Study Skills For College Students – Remember Everything You Study!
College is a serious investment in your future. Some students will end up spending 6+ hours every day outside of class studying, and do this for years! What if you could dramatically reduce your required study time, and remember everything you study?
Luckily, there is a better way! You already have the potential to memorize tremendous amounts of material in one sitting! Memory is a skill, and it needs to be developed. You can’t get in shape by reading a book about lifting weights, and you can’t improve your memory by reading a memory book. The only way to get into shape is to work out, and the only way to improve your memory is through practical training!
If you really want to improve your memory, the first step is to understand how your brain works. The brain uses several different processes to handle information. The thinking, memorization, and remembering processes.
Thinking Process:
The thinking process mainly consists of visual images. We think with images. This is such a natural process that you might not even realize that it happens, but information is only understood if it evokes images in your mind. For example, here are two sentences:
- The book is on the table. When you read that sentence, an image of a book on a table was generated in your mind. In other words, the sentence was represented by visual images. This is how you understand this sentence. Compare this to our second sentence:
- The qwimjal is on the parchik. Your mind has no images to relate with this sentence. With no visual representation, you don’t understand it.
Memorization Process:
The memorization process is directly connected with the thinking process. If you can represent information with visual images, you can memorize it easily and quickly. You will have an easier time memorizing the sentence ‘The book is on the table’ than the sentence ‘The qwimjal is on the parchik’.

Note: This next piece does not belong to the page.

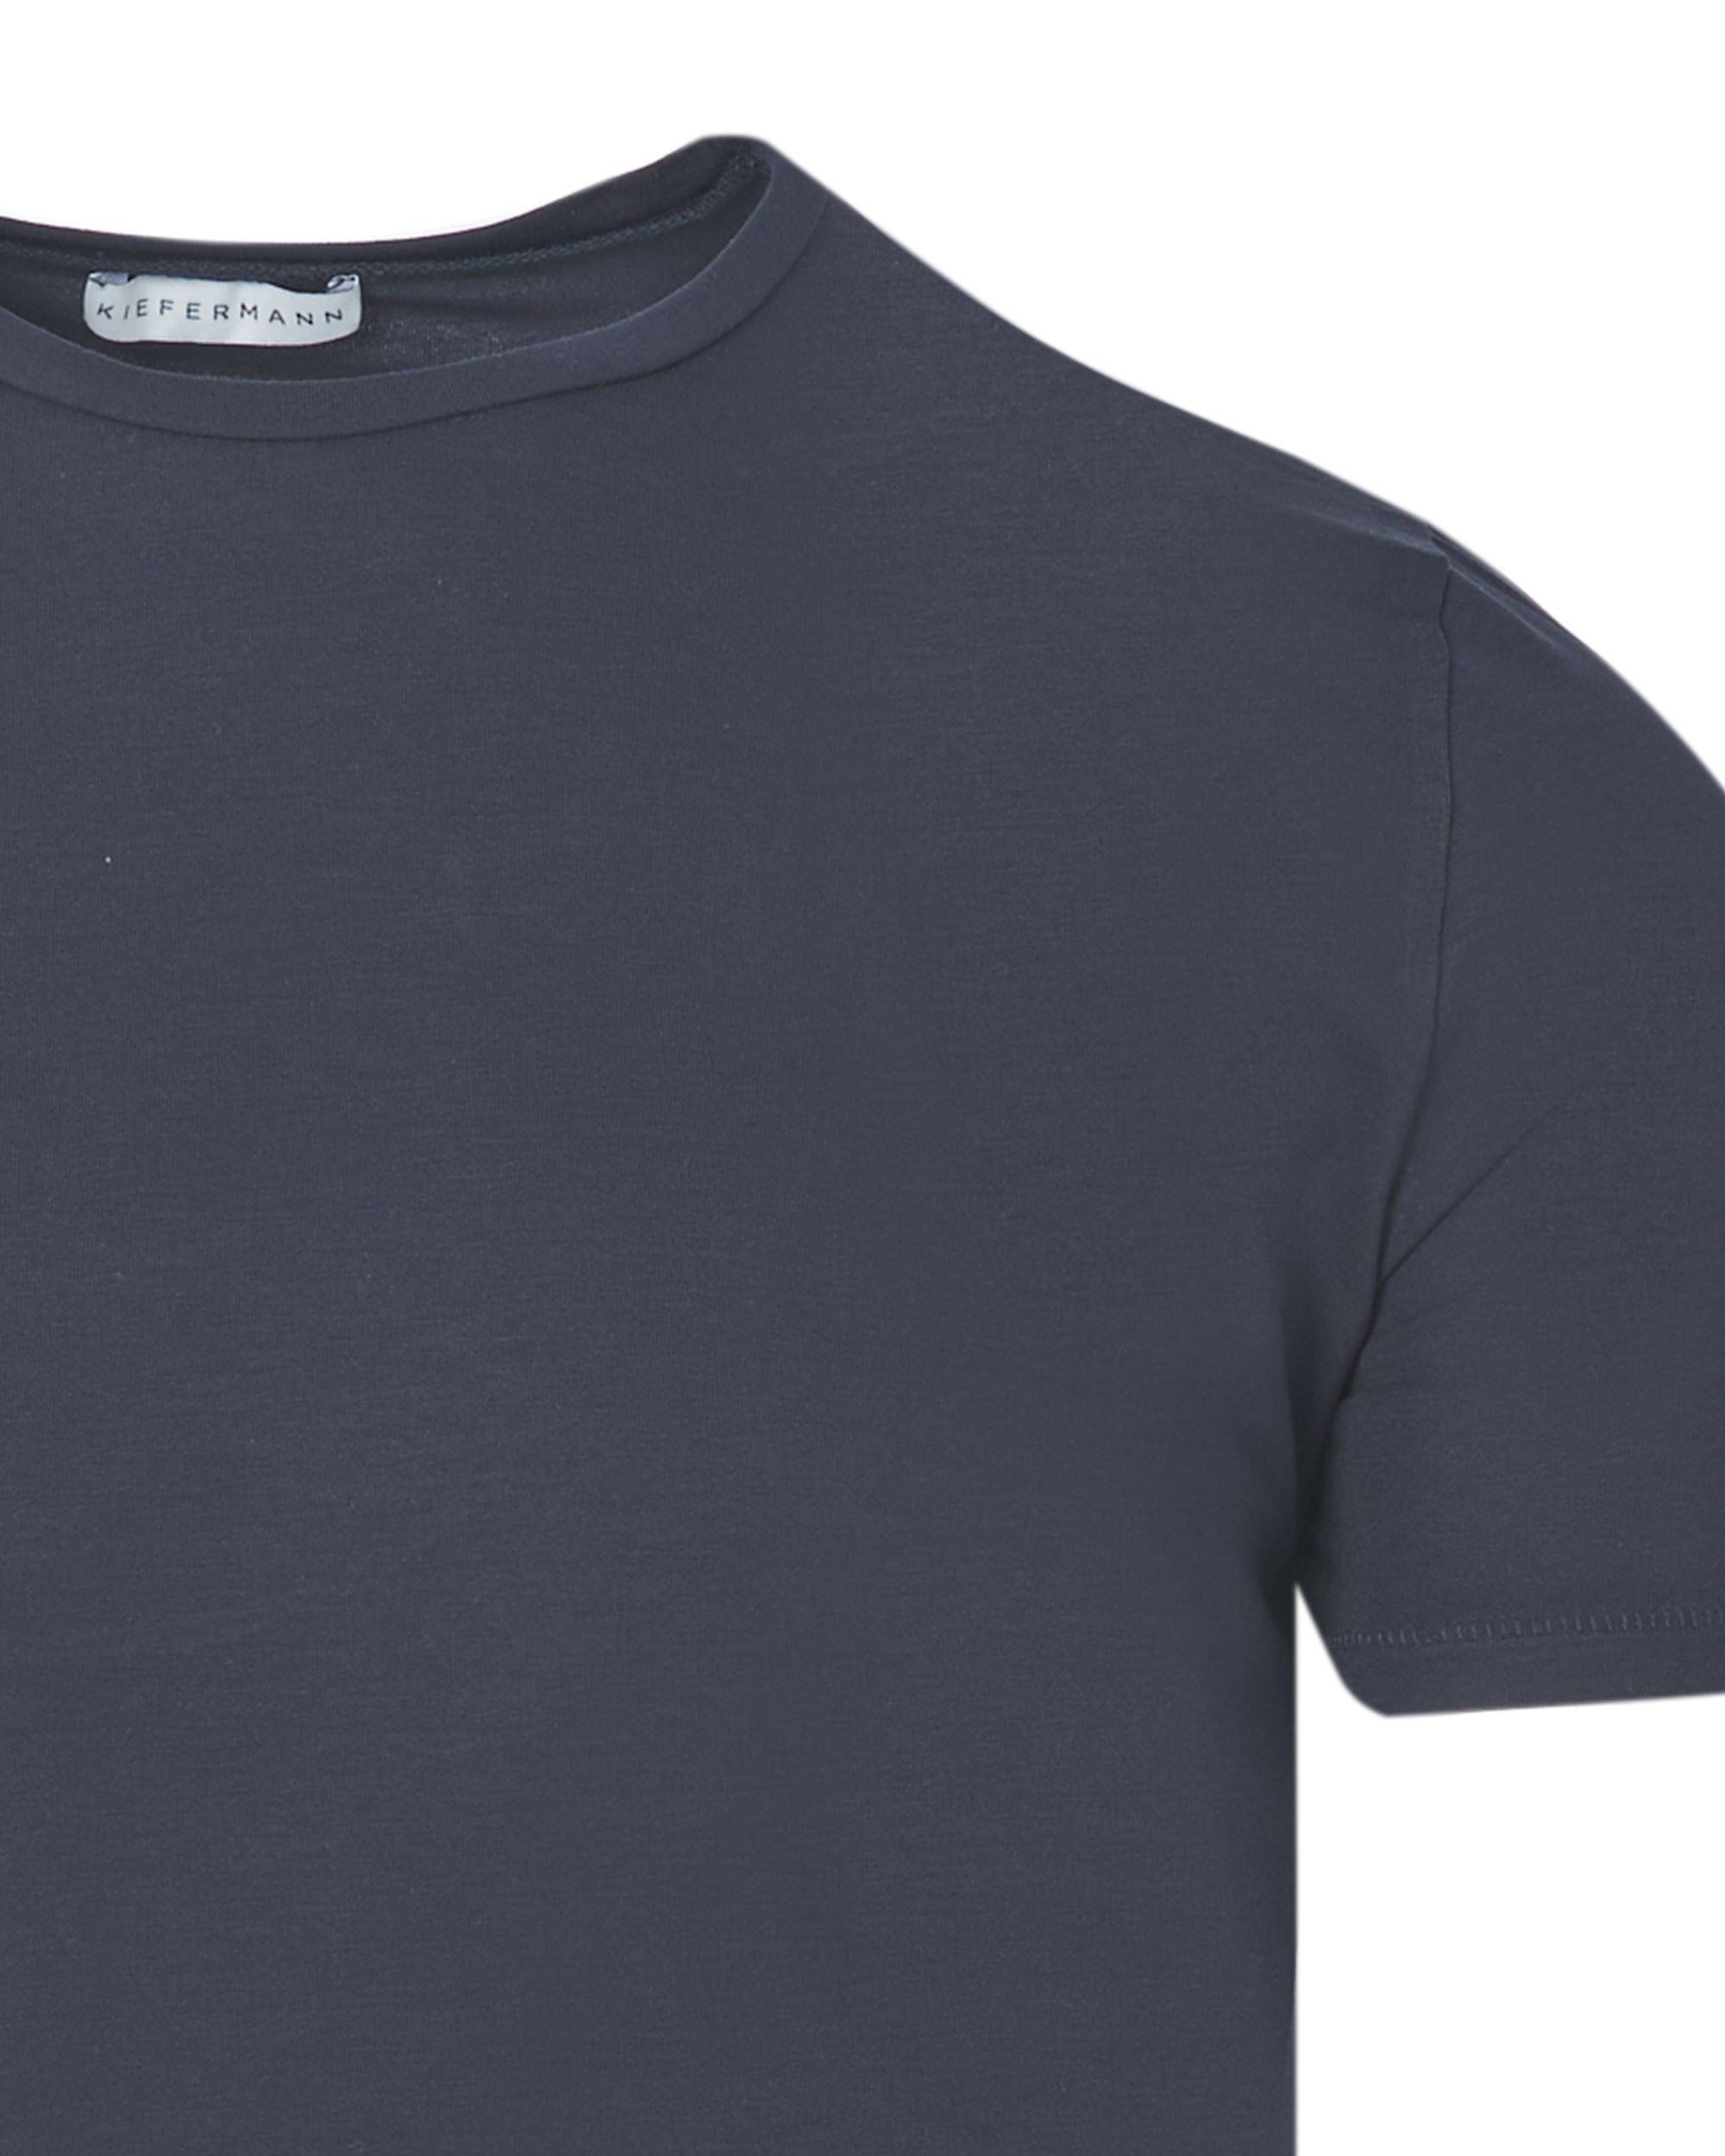 Kiefermann T-shirt KM Donker blauw 083553-001-L

Now let’s examine exactly how your brain memorizes information. When you read the sentence ‘The book is on the table’, the information is ‘translated’ into visual images in your mind, and a connection between those images was formed. Connections are created when two images are viewed together simultaneously in your mind.
Remembering Process:
All information is connected. When one information element in a connection is stimulated, the connected element is activated, and you remember.
Let’s return to our examples. If tomorrow I asked you the question ‘What is on the table?’, the connected information element is stimulated, and you would remember ‘book’. If, however, I asked you ‘What is on the parchik?’, there would have been no understanding, no image-representation, and no information connection. With no connection, no recall is possible.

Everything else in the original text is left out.